Вакцина содержит бактериальную массу штаммов Streptococcus agalactuae 6150, Enterococcus faecalis 356, смешанных в определенной пропорции. Вакцина обладает высокой иммуногенностью, обеспечивает надежную защиту коров и коз от мастита стрептококковой этиологии.

Выпускаемая в настоящее время коммерческая вакцина против энтеро-кокковой инфекции телят, ягнят и поросят обладает невысокой эффективностью. Это объясняется тем, что указанная вакцина, содержащая антиген только из штаммов энтерококков серогруппы D, не предохраняет от стрептококков серологических групп В и С, которые наиболее часто являются этиологическим фактором заболевания телят.
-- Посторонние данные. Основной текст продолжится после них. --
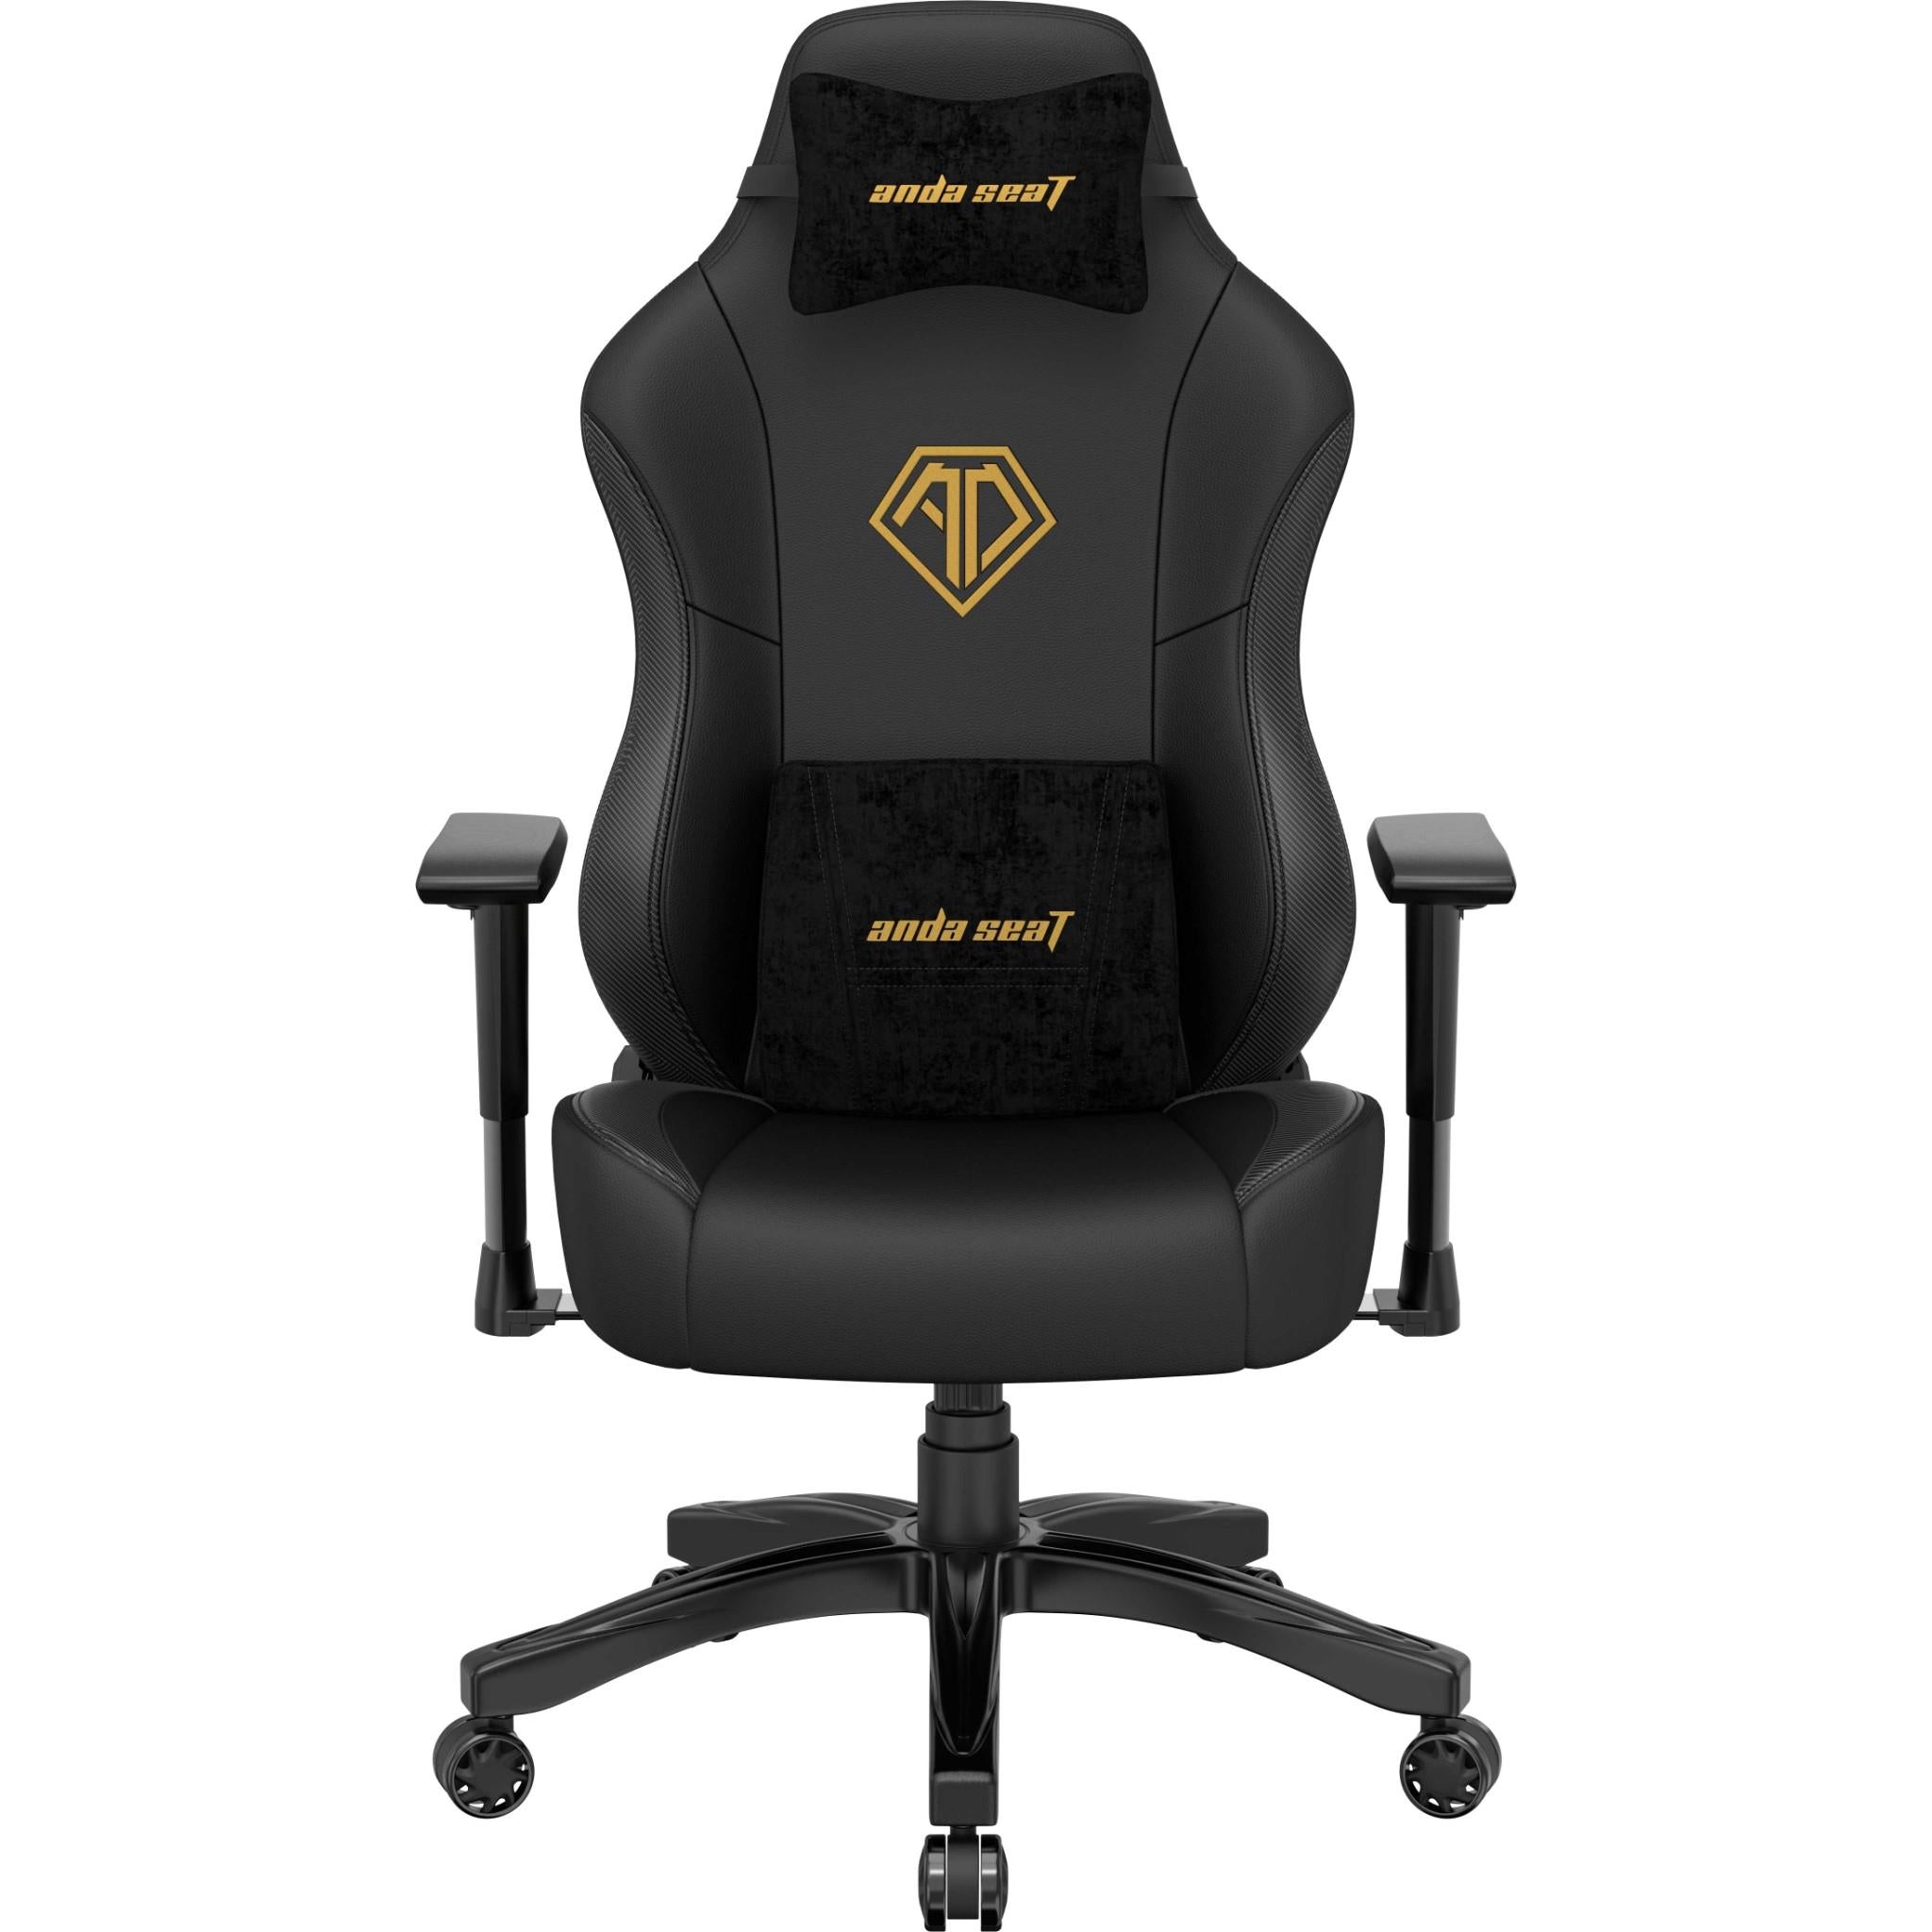 anda seat phantom 3 gaming chair black (large)

Однако способ получения вакцины является лабораторным, малопроизводительным, трудоемким и непригодным для промышленного производства. Культивирование стрептококков осуществляется в мясопептонном бульоне в стеклянных баллонах в стационарных условиях. Длительность культивирования составляет 18-24 часа, накопление биомассы не выше 4 млрд. м.т./см³. Способ культивирования не управляемый, в силу чего не позволяет получать стандартную полноценную в антигенном отношении культуру в больших количествах.

Известен способ изготовления вакцины ассоциированной против стрептококкоза крупного рогатого скота [5].
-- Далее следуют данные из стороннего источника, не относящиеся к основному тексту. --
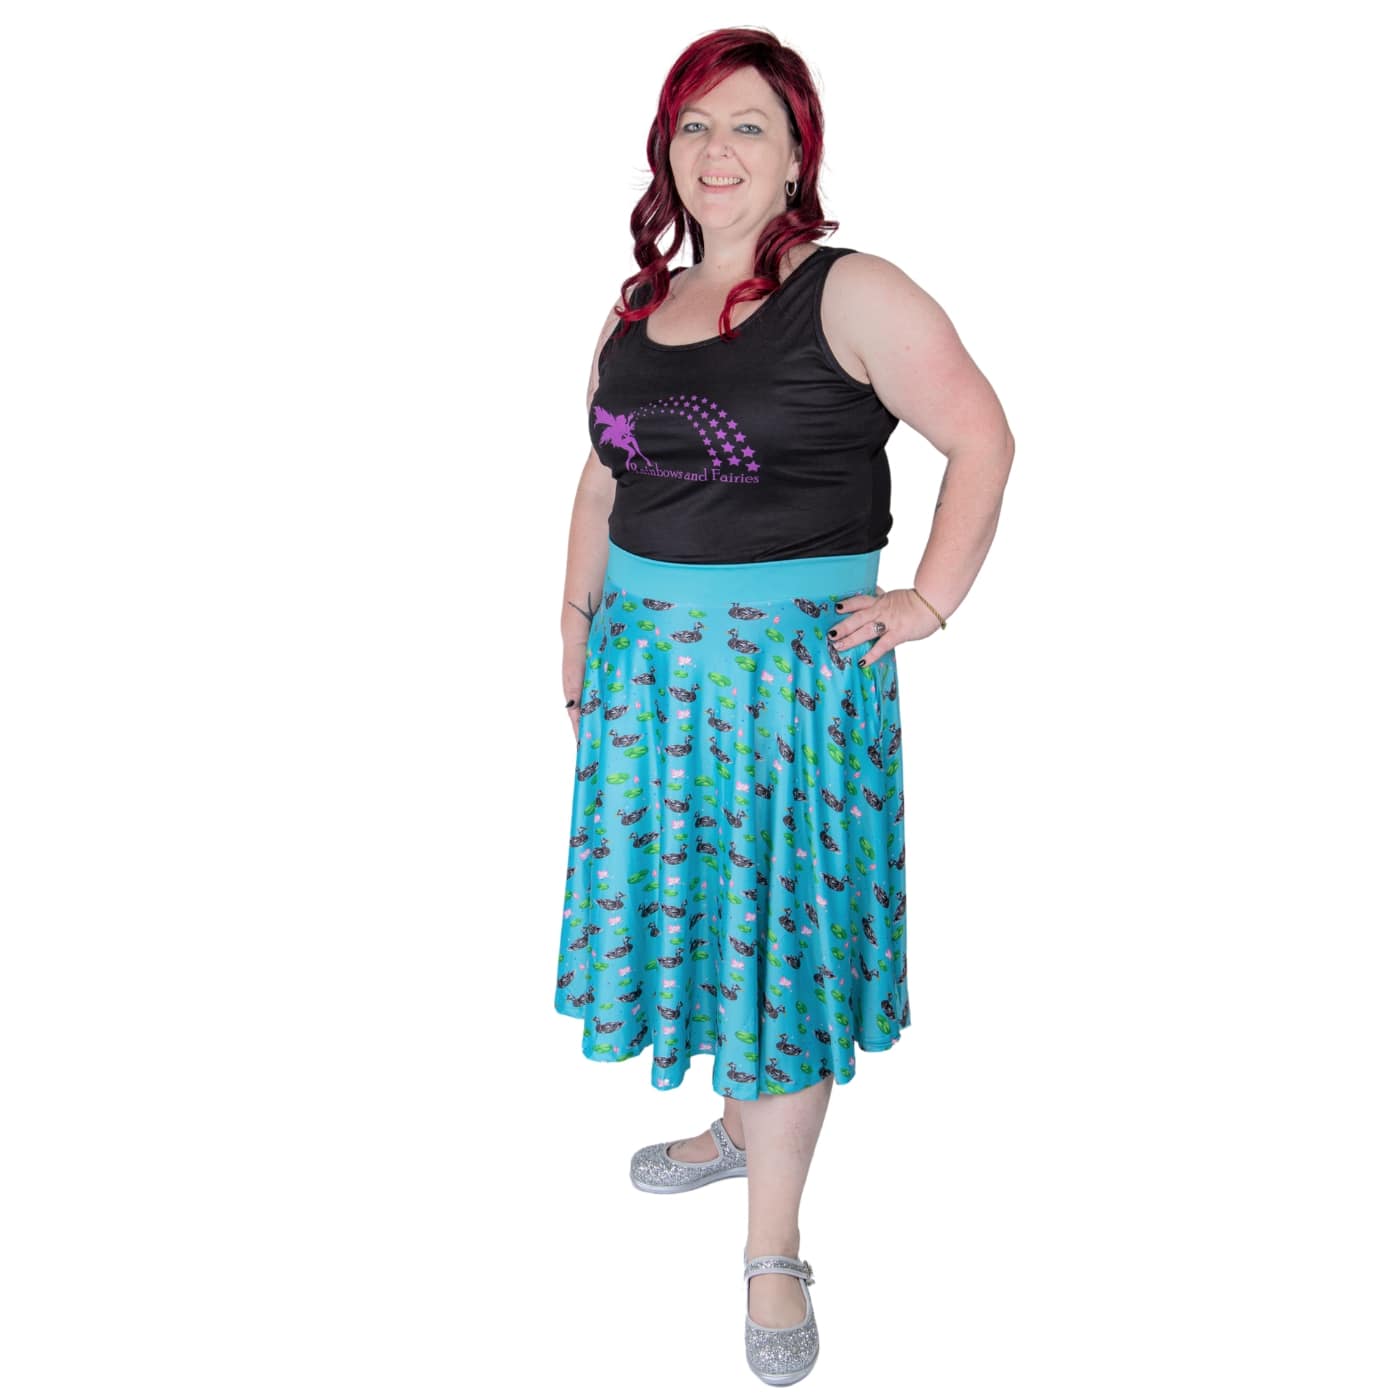 Mallard Swishy Skirt by RainbowsAndFairies.com.au (Ducks - Mallard - Lotus - Lilypad - Skirt With Pockets - Circle Skirt - Vintage Inspired - Kitsch) - SKU: CL_SWISH_MALLA_ORG - Pic-02

Ближайшим аналогом заявленного изобретения является известный из документа US 2012128719 А1, 24.05.2012 «Способ изготовления вакцины против заболеваний и инфекций, в том числе стрептококковых крупного рогатого скота». Вакцина может содержать несколько штаммов микроорганизмов, а так же адьювант, например, гидроокись алюминия. Способ изготовления вакцины включает культивирование в питательной среде микроорганизмов, Streptococcus agalactiae, Streptococcus zooepidemicus, Enterococcus faecalis, инактивацию микроорганизмов и добавление адъюванта, например гидроокиси алюминия [6]. Отличием заявленного в формуле изобретения от ближайшего аналога является то, что при изготовлении вакцины проводят:

1) раздельное культивирование микроорганизмов в ферментерах;

2) инактивацию формальдегидом при температуре 43-47°C в течение 3-5 суток, причем конечная концентрация формальдегида в культуре составляет 0,03-0,07%;

3) смешивание инактивированных культур в равных объемах при исходных концентрациях 4-8 млрд.м т /см³;

4) снижение окислительно-восстановительного потенциала культуральной жидкости до -200÷-150 мВ.
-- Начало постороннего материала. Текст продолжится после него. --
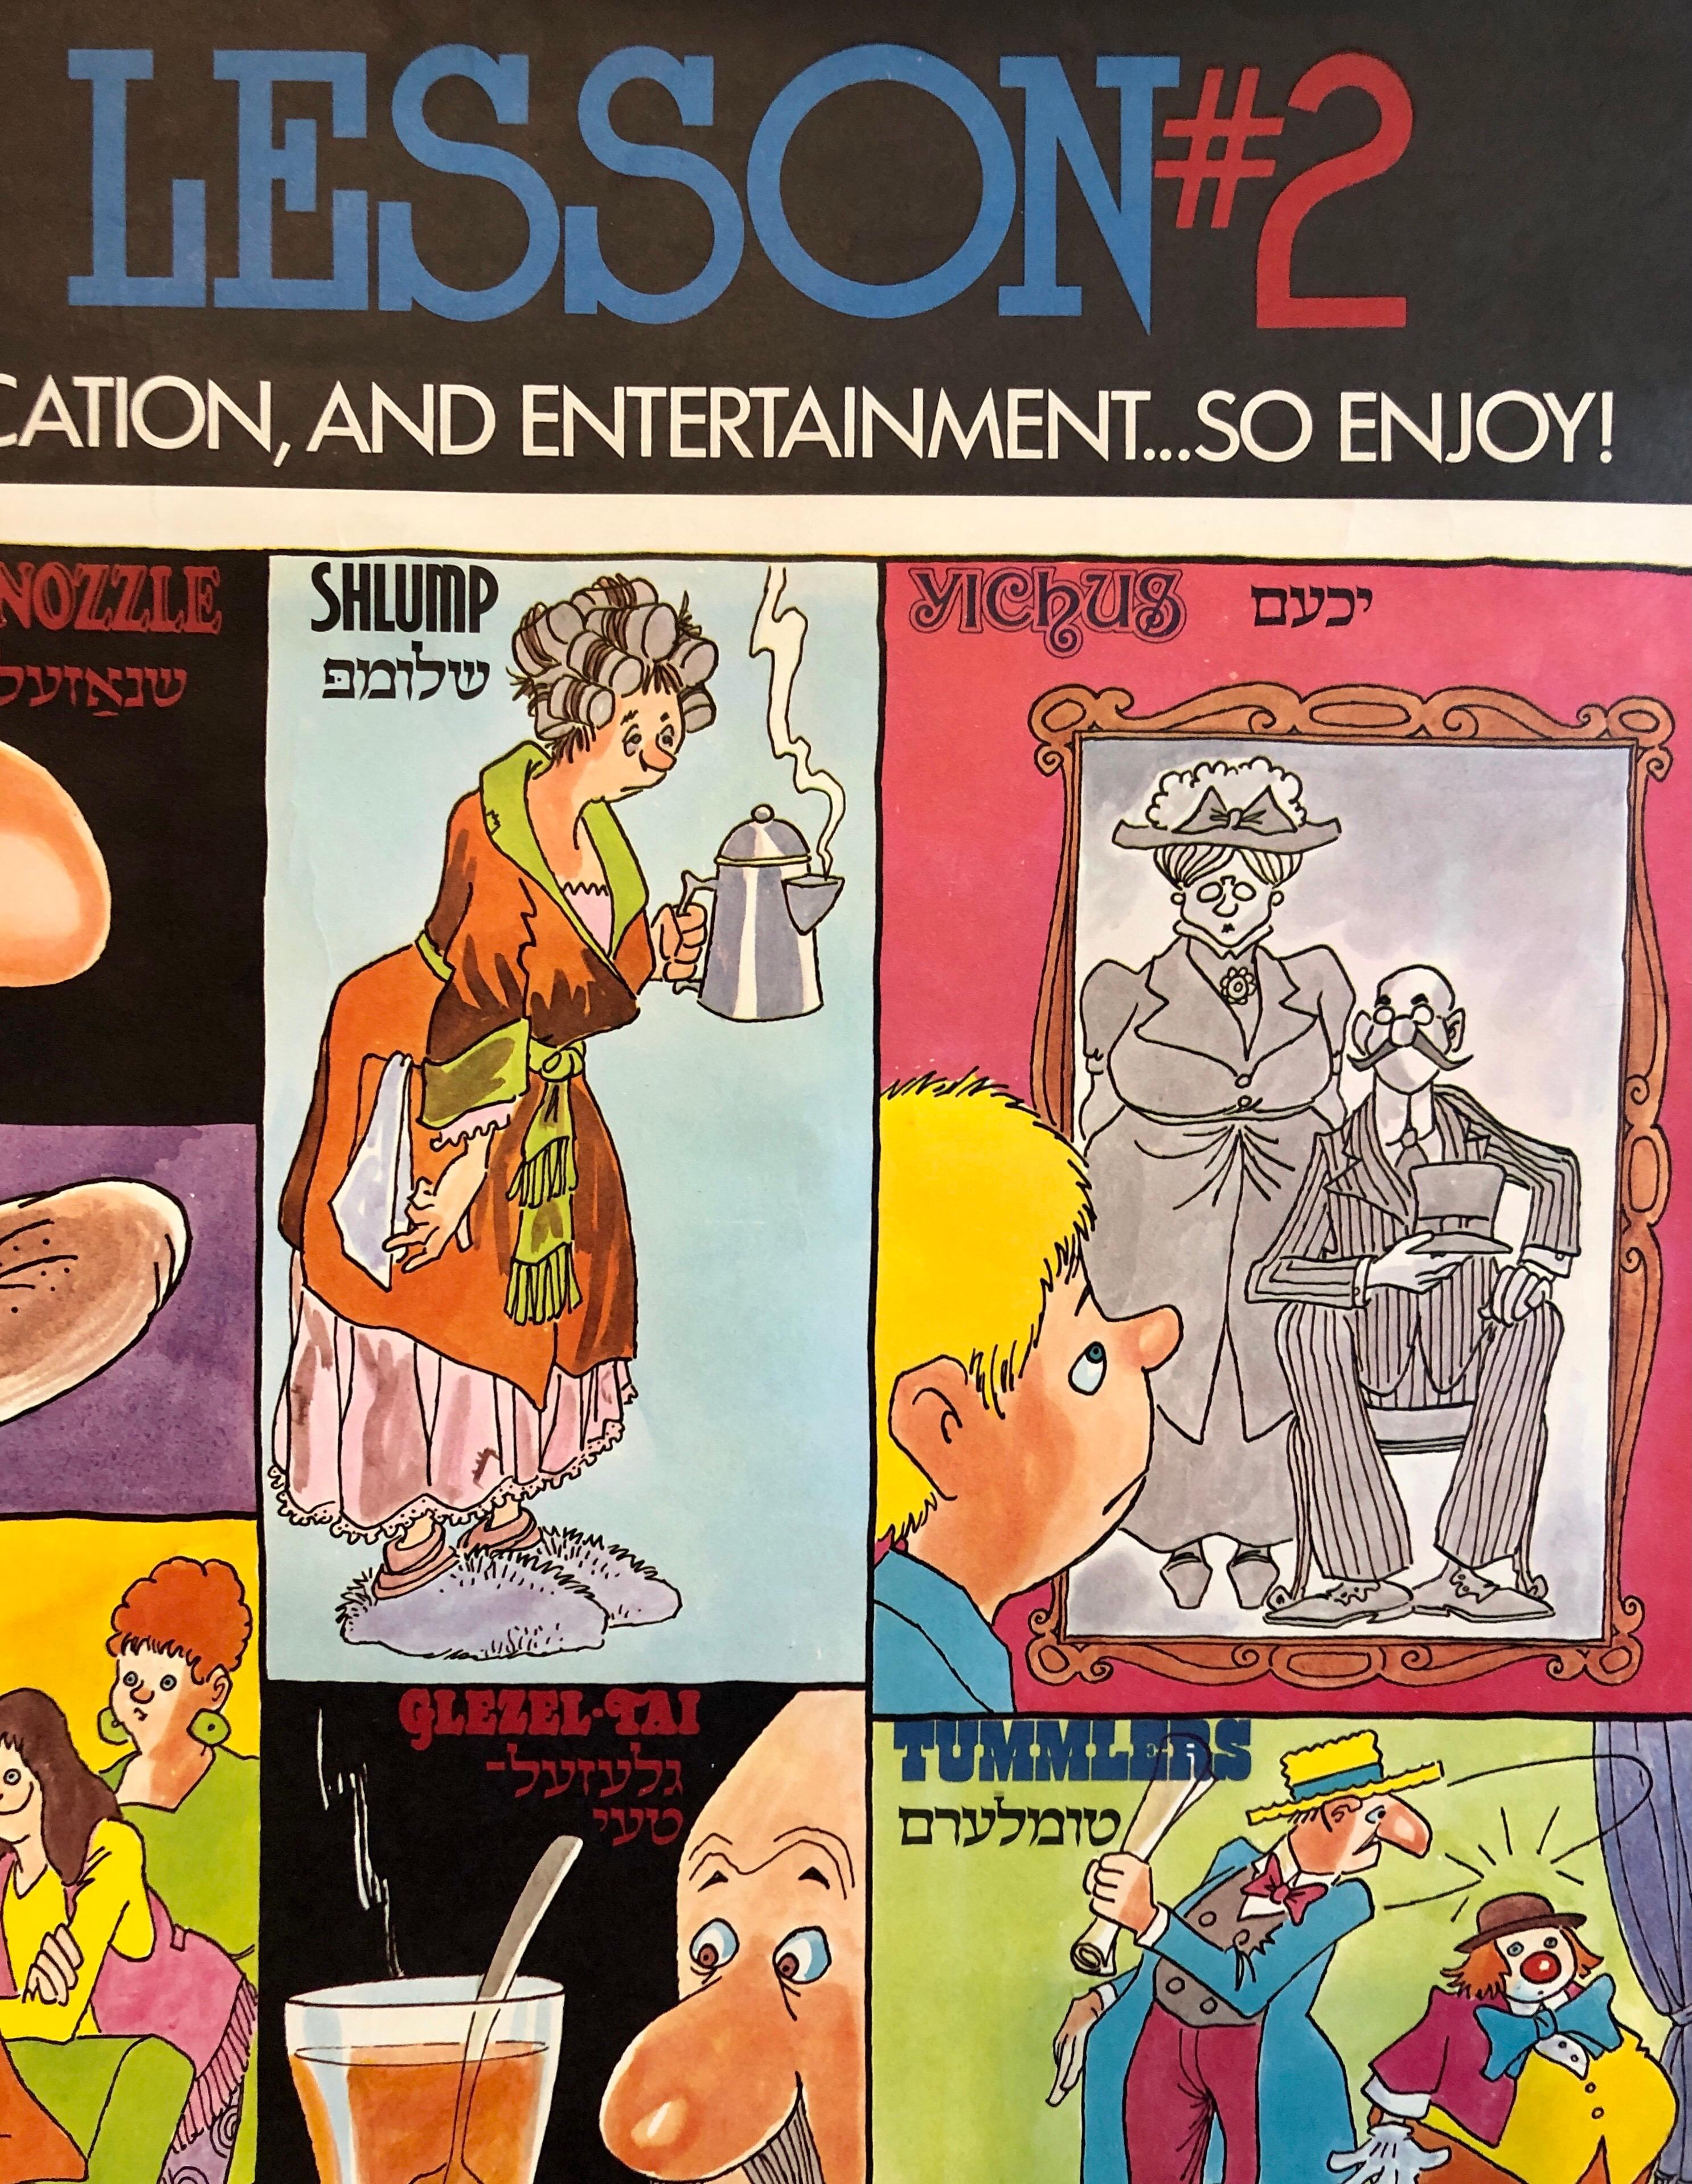 Rare Pop Art Al Scaduto Vintage Poster Yiddish lesson 1973 Humorous Judaica Art 4

5) до окончания процесса культивирования поддерживают рО₂ в культуральной жидкости на уровне 15-25% от насыщения кислородом воздуха;

6) рН культуральной жидкости регулируют на уровне 6,8-7,2;

7) дробную подачу глюкозы осуществляют дозами до концентрации 0,05-0,20%.

Способ изготовления гидроокисьалюминевой вакцины, содержащей несколько штаммов бактерий против инфекционных заболеваний, в том числе вызванными стрептококками по известному документу (RU 2191598 С2. 27.10.2002) очевиден для свиней и нельзя гарантировать ее эффективность для вакцинации коров, в том числе с тем набором штаммов, представленных в ее описании [1]. Задачей изобретения является повышение качества целевого продукта за счет увеличения резистентности организма доящихся животных к заболеванию маститом стрептококковой этиологии. Заявляемая вакцина для коров обладает высокой профилактической эффективностью.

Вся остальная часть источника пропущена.